By Labor Day the Oscar race for best animated feature of 2007 alreadyseemed to be over : Ratatouille, the Disney/Pixar fantasy about a rat who dreams of becoming a chef, had been collecting rave reviews and cleaning up at the box office all summer. I still wouldn't bet against it—Hollywood never turns its back on a movie that's made $618 million—but the lock began to loosen in mid-September when the French animated movie Persepolis made its North American debut at the Toronto film festival. Based on Marjane Satrapi's comics about growing up during the Iranian revolution and Iran-Iraq war, this hand-drawn, mostly black-and-white story is every bit as beautiful as Pixar's state-of-the-art digital feature—and a lot more important. If Ratatouille taught the world that rats have feelings too, Persepolis teaches the same thing about the people of Iran, who in the current political climate are probably in greater danger of being eradicated.

Unfortunately Persepolis (whose Chicago release was pushed back to January 18 as this issue went to press) won't get anything like the promotional blitz enjoyed by Ratatouille, which opened in nearly 4,000 theaters nationwide. After Persepolis premiered at Cannes in May, Satrapi told the International Herald Tribune that an English-dubbed version was in the works, and a subsequent story in the Hollywood Reporter listed Sean Penn, Gena Rowlands, and Satrapi's hero Iggy Pop as voice talent for the alternate release. With its rebellious young heroine, universal coming-of-age story, and solid PG-13 rating, the movie might have won a following at every small-town multiplex in America, enlightening millions of kids raised on fear-mongering rhetoric about the Axis of Evil. But according to Jeff Marden, the film's Chicago publicist, Sony Pictures Classics now has no plans to release an English-dubbed version, which almost guarantees that Persepolis will be confined to art houses in major cities. A subtitled version opened on Christmas Day in just seven theaters.

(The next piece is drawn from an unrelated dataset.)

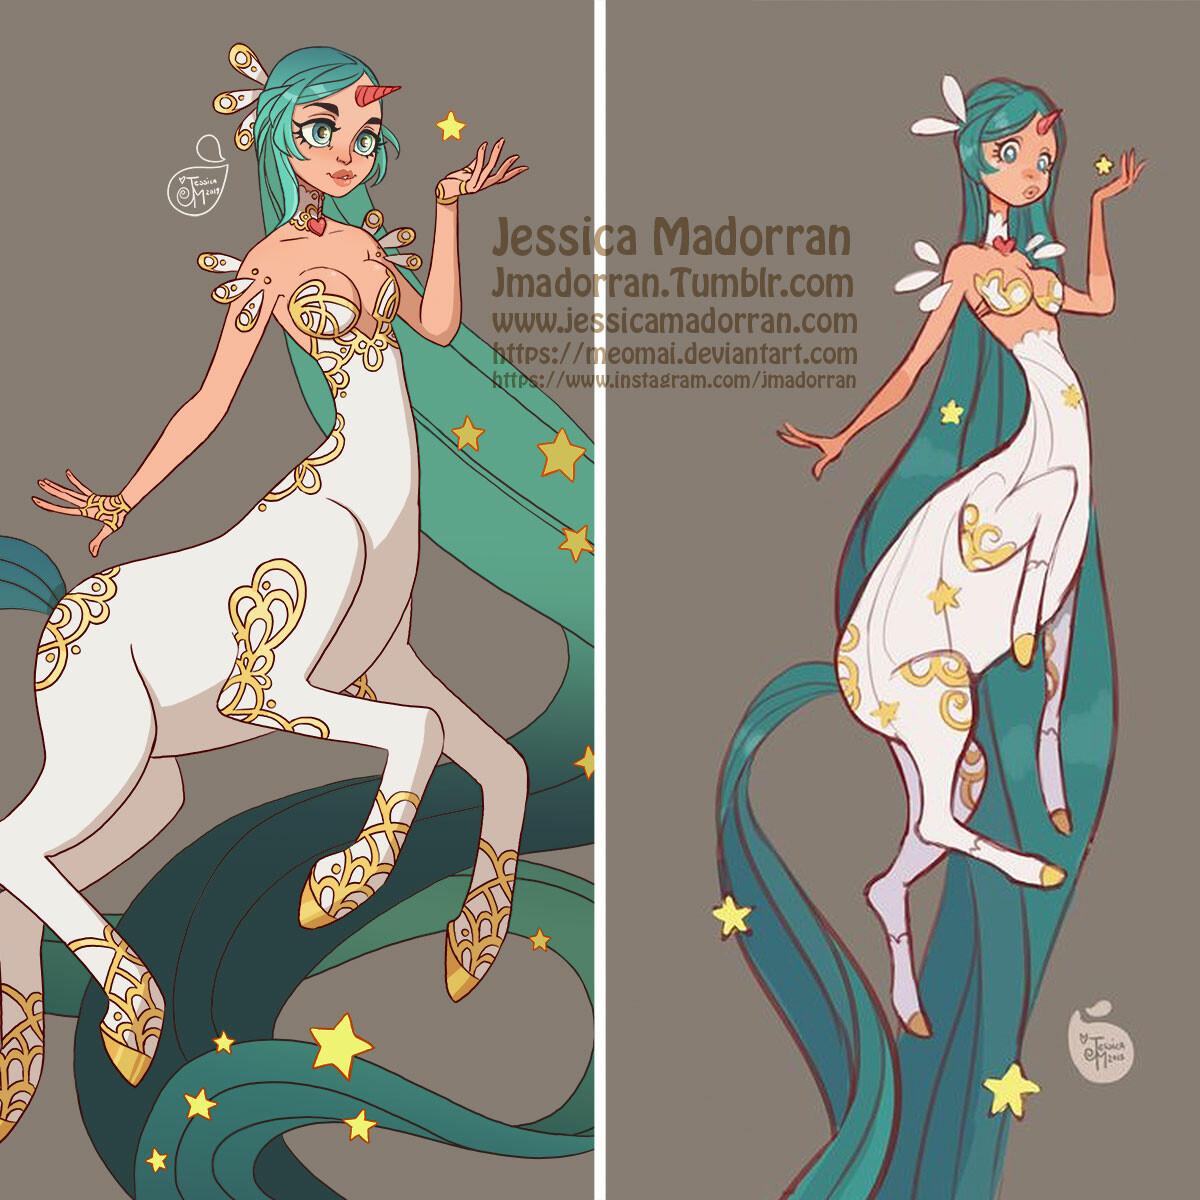 Jessica madorran character design redesign blue hair star centaur 2019 square comparison version artstation 02
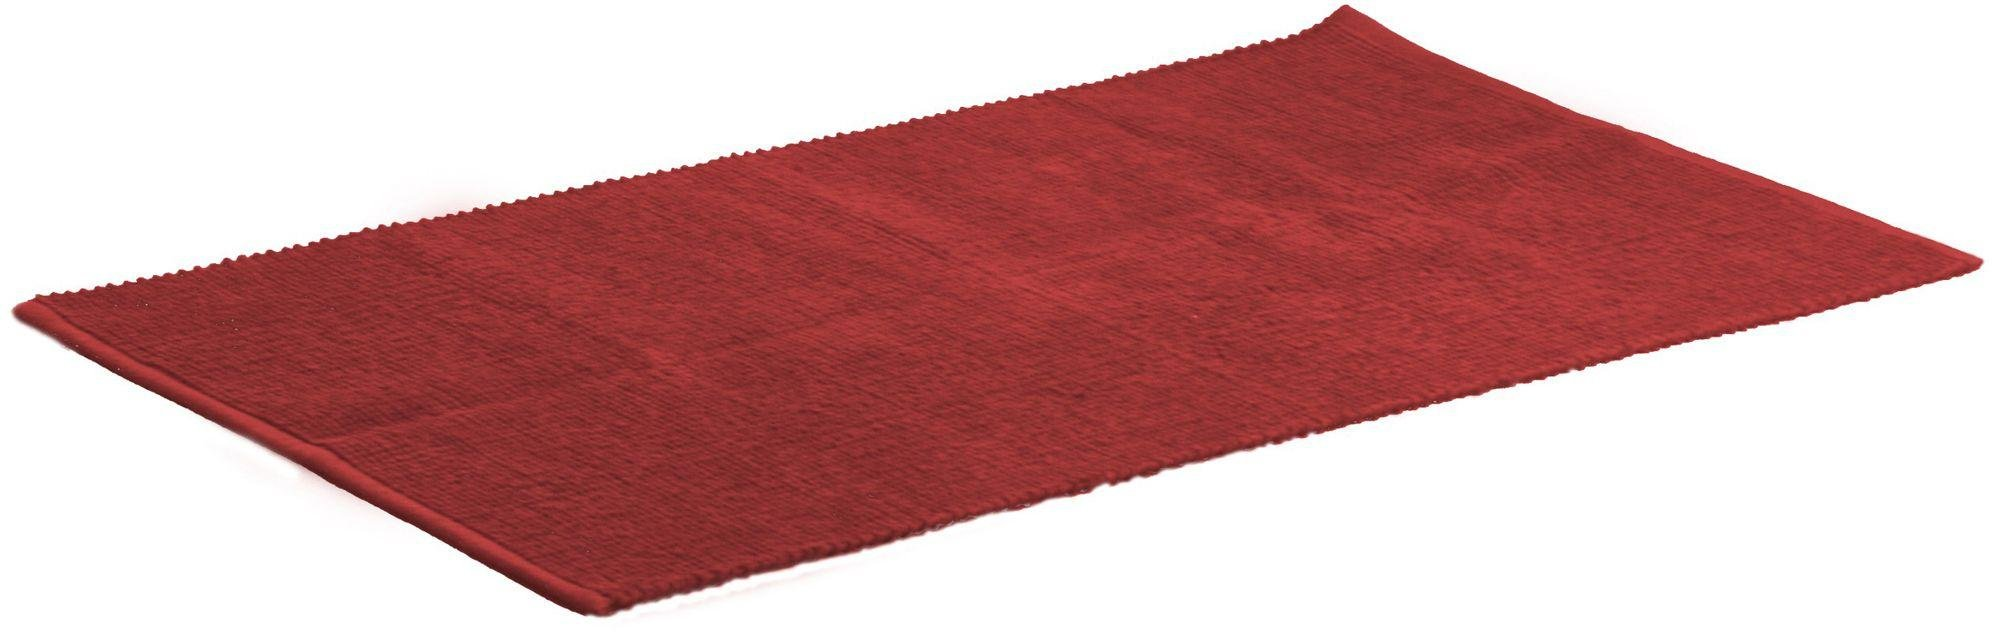 sabichi-woven-chenille-rug-90x150cm-scarlet

Sony's decision to treat the movie as an objet d'art may please cinephiles in the U.S., where dubbing is equated with pop-culture junk (Italian horror movies, Japanese sci-fi, kung fu, anime). But the fact is that most people don't like having to follow type at the bottom of a movie frame any more than they'd like hearing someone call out the harmonic changes during a symphony. One reason U.S. movies are ubiquitous abroad and foreign movies are ghettoized here may be that we insist on subtitling imports when most other countries accept dubbing; during the silent era, when intertitles could be switched out easily, there was a much healthier exchange of world cinema. Despite the inherent vulgarity of American celebrities providing voices for a story set in Iran, I have a hard time getting upset about the supervised English redubbing of an animated movie—especially one that was written and originally dubbed in French, already one language removed from the culture it depicts.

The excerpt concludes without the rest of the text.